# Just added H20-120 liquid cooling kit



## money520 (Nov 20, 2005)

I've Just added H20-120 compact liquid cooling kit I tested my H20-120 before installing it to the processor it didn't leak so I installed it to the motherboard then it started a slow leak my monitor won't work not sure don't think it ever tried to come on so I don't know if it's messed up my graphics card I have 2 graphics cards and I can't get either 1 to work the computer powers on just no video or I've got another problem. I took the Apogee drive off tested it on towel again didn't leak then I screwed it to the MB lightly not lightning it down then tested it again with a towel under it now it didn't leak.
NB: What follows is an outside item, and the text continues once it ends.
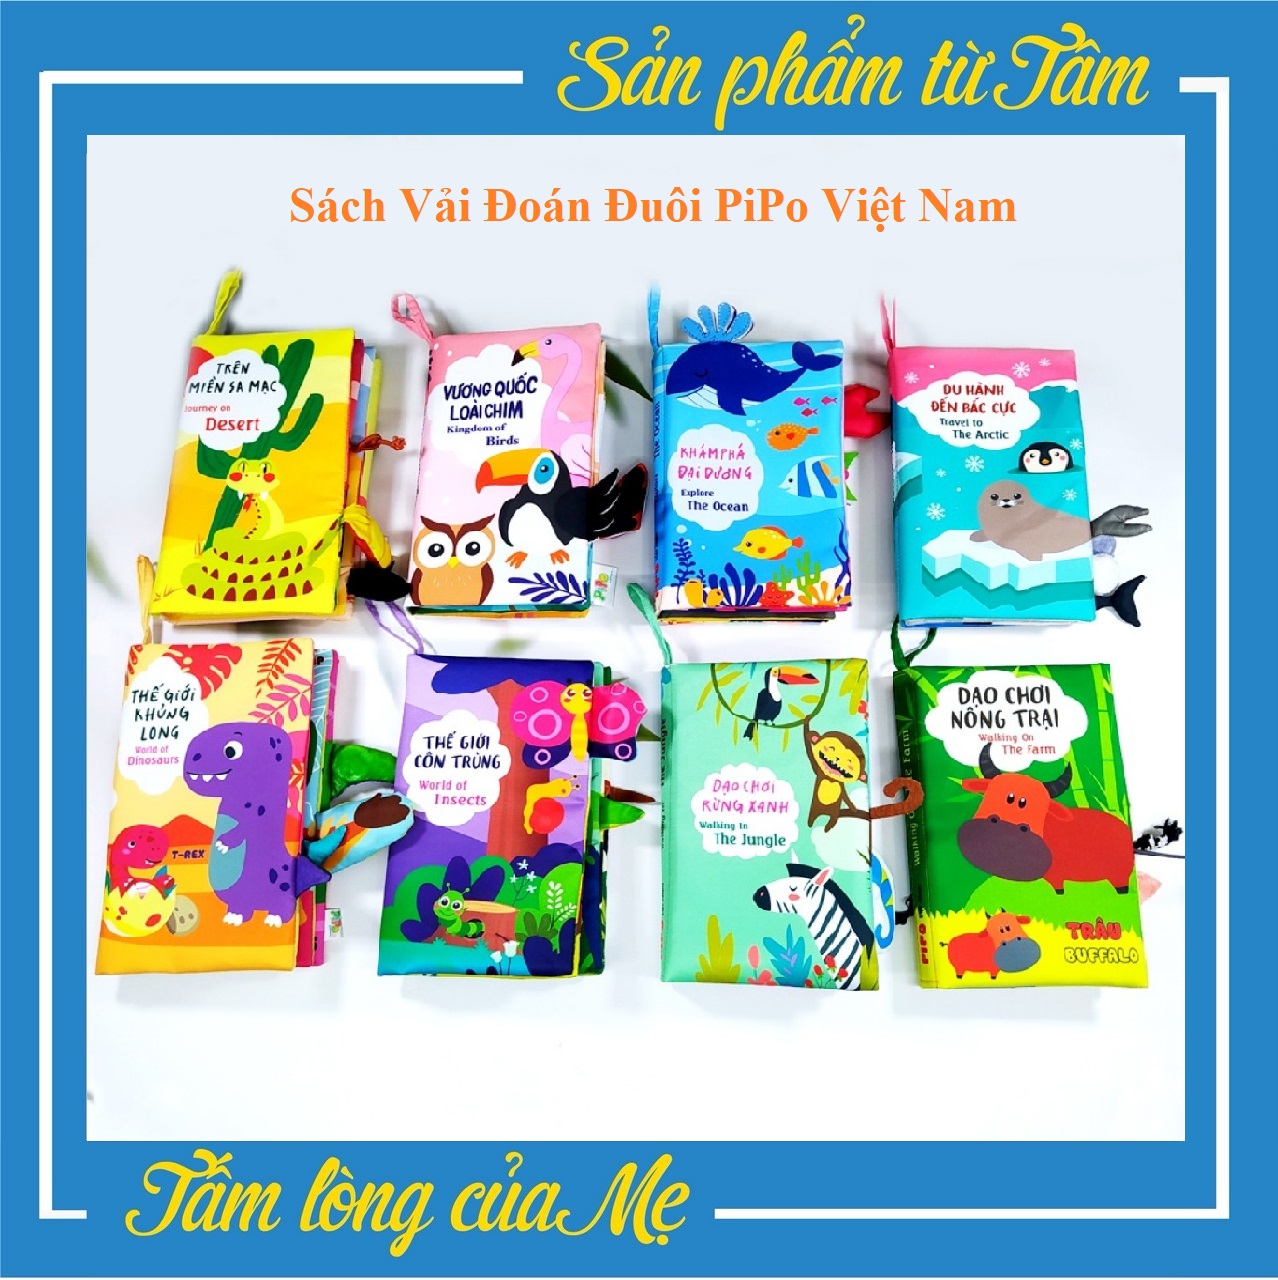 Sách Vải Đoán Đuôi PiPo Việt Nam An Toàn Cho Bé Từ 6 Tháng Tuổi

I don't know what to do.
Scott


----------



## FreoHeaveho (Aug 22, 2006)

Start again if you want help.

My problem is this _______

I did this: ______

My question is this (where applicable): _______

Then, please download PC Wizard (from my sig) and install, run and go to FILE, SAVE AS and click OK. Then copy the text out of that file and paste it into this thread. 

Please follow this format in future, cheers... :wave:


----------



## money520 (Nov 20, 2005)

My problem is my monitor won't display anything when I turn the computer on. The only thing I've done to the computer is I installed an H20-120 Compact liquid cooling kit. Know I don't know what's wrong, I have 2 graphics cards and I can't get either one to work the computer powers on just no video. Is this even the right forum for this?


----------